The Pythagorean Win Expectancy formula produces the probability that a team will win a baseball game. It does so by essentially dividing 1 by 1 plus the square of the rate you give up runs for each run you score. To illustrate what this rate means, take the 2012 Nationals who gave up 594 runs and scored 731. This gives us a rate of .812 runs allowed per runs scored, meaning the Nats allowed 13 runs for every 16 they scored. That’s the number/fraction that gets squared and added to 1, which finally gets divided into 1 to give you the probability of winning.

Baseball Reference has since revised the original formula to better fit the historical data. Instead squaring the runs allowed per runs scored rate, they take the rate to the power of 1.83 (approximately the square root of 3.35). I included the revised formula in my calculations for comparison sake.

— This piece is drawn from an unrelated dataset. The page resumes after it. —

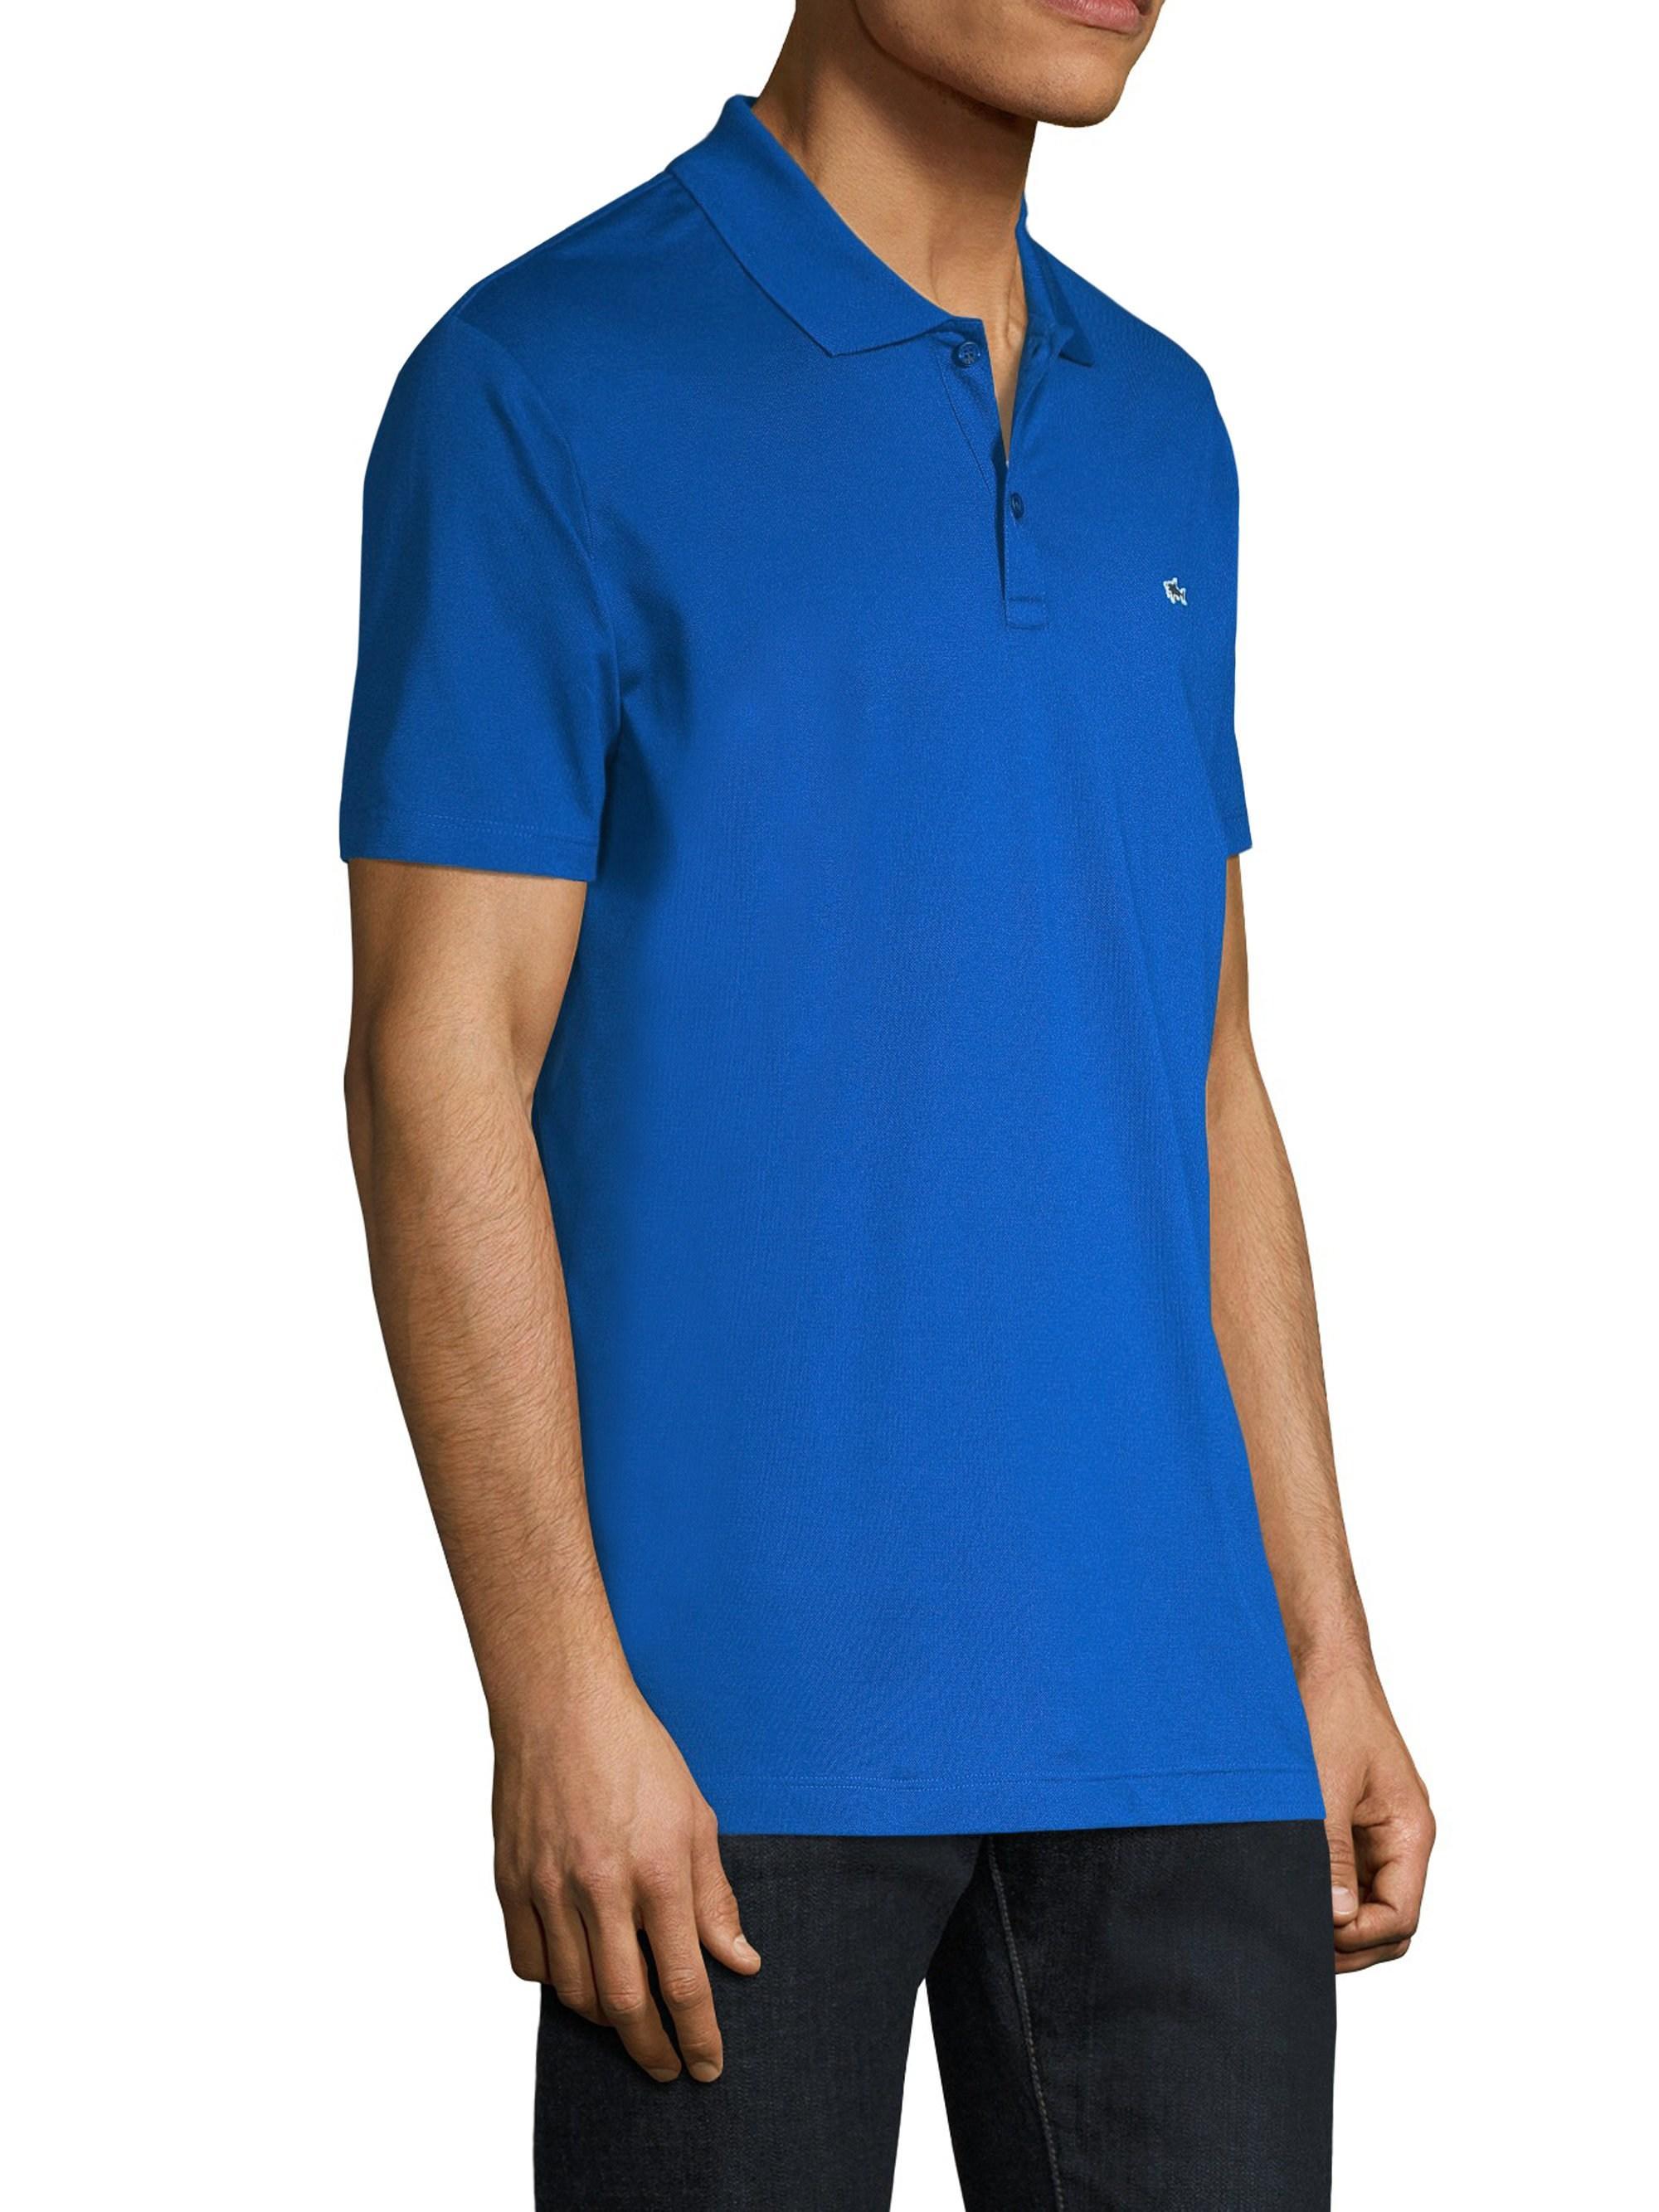 d09e6134 Lyst - Paul & Shark Men's Smart Knitted Polo Shirt - Cobalt Blue - Size  Large in Blue for Men

I looked into how Bill James came to derive the formula from Frank’s link, and he based this win probability by putting runs scored on a Weibull distribution. From there, I tried to understand how the rest the actual formula was derived… but let’s just say that Weibull distribution is much more fun to say than it is to try to calculate or understand. *Note: So we won’t be trying that.*

So, without a function that calculates the probability to compare the data points against, we are stuck with looking at how off the calculated expected wins were from the actual wins to judge how well the Pythagorean Win formula works. I used Baseball Reference to get the Wins, Losses, Runs Scored, and Runs Allowed for each team, ever. I ignored games listed as “Ties” (mainly because it seems those games were essentially rain-outs made up later in the season.) I then calculated the Pythagorean Wins using the formula and multiplying it by the total of wins and losses (games played). *So just like yesterday’s post, but you know…with every team in every season ever. *

Now, determining the number of expected wins can be a little tricky from a comparison standpoint. Baseball teams win games in discrete numbers; multiplying the number of games in a season by a probability will rarely, if ever, give you a whole number. Therefore, there is a problem with rounding the expected win total, because having .2 wins is a little weird. Frank ignored this issue in his post, which is fine because simple is usually best. *And I didn’t want to make the wrong choice. *I tried rounding up to next number, rounding down to the next number, and simply rounding to the nearest integer. From this, I would guess that when James (and later Baseball Reference) modeled the formula, they rounded to the nearest integer.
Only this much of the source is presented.